Она вернулась к постели больной, а я, в сопровождении другой монахини, вошел в маленькую комнатку, где хранились лекарства.
– Пожалуйста, – сказала монахиня таким голосом, будто полоскать рот перед посещением больных было в порядке вещей.
Я сполоснул рот и выпил воды. Когда в Килни Джозефина входила в столовую забрать грязную посуду, беседа за столом продолжалась, что бы в этот момент ни говорилось. Каждое утро она первым делом разжигала плиту, следом – камин в гостиной и только потом – камин в столовой.

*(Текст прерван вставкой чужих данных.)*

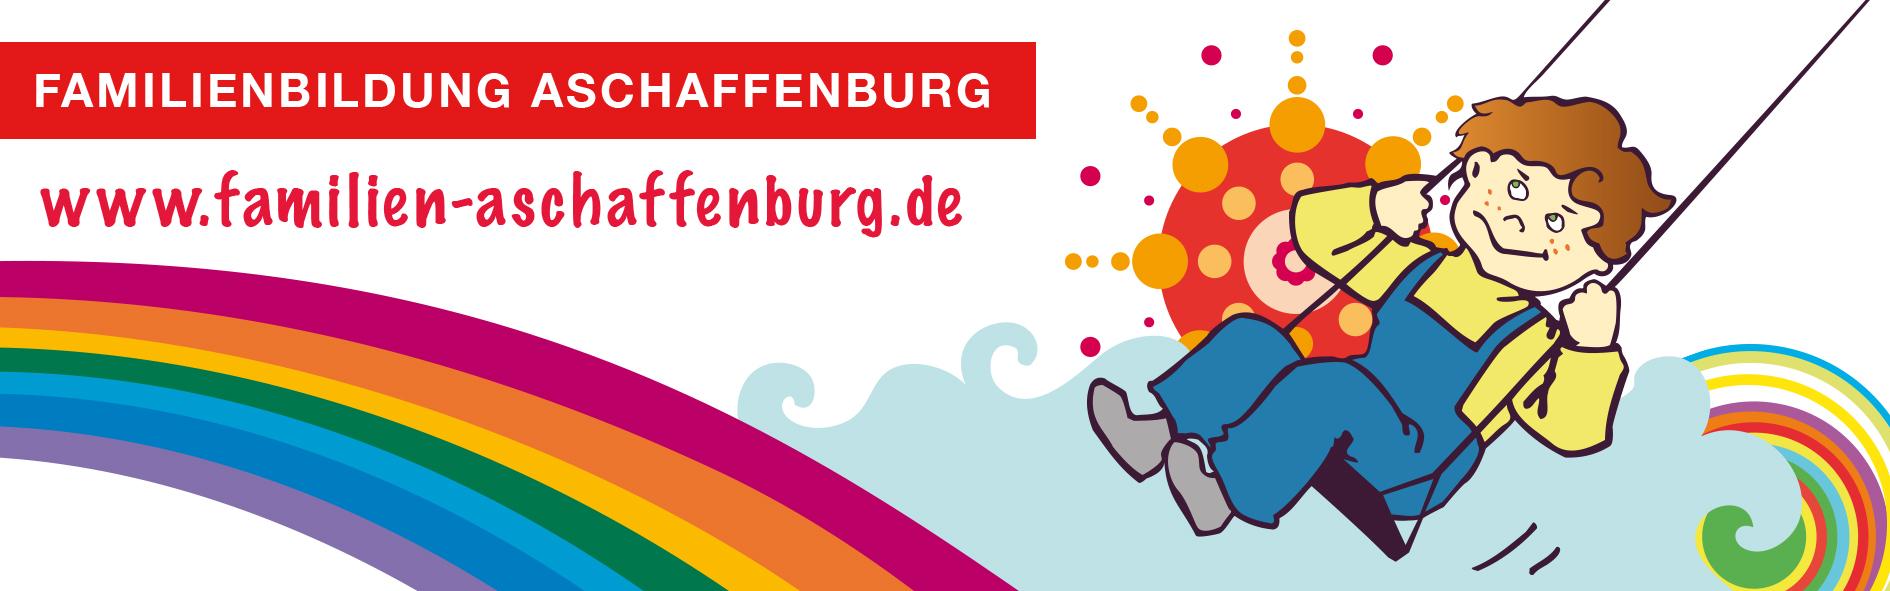 Logo der Familienbildung der Stadt Aschaffenburg

– Спасибо, – сказала монахиня и отвела меня обратно в палату Джозефины. Я сел у ее кровати и первый раз внимательно посмотрел на нее. От былой красоты не осталось и следа: лицо худое – еще более худое и морщинистое, чем у меня, – к тому же из-за закрытых глаз совершенно безжизненное. Редкие седые волосы, на лбу – коричневые пятна. Однако больше всего изменились лежавшие поверх белого вышитого одеяла руки: от старости они тоже сморщились, зато потрескавшаяся от физического труда кожа разгладилась.
– Да, – сказала она, внезапно открыв глаза. – Да.
В них под пеленой усталости скрывалась прежняя нежность. Ее пальцы шевельнулись, губы слегка вздрогнули.
– К вам посетитель, Джозефина.
Глаза закрылись и через мгновение открылись снова. Она смотрела прямо перед собой, между мной и монахиней, на пустую стену напротив.
– Посетитель, – повторила сестра Пауэр, по-монашески плавным жестом указывая в мою сторону.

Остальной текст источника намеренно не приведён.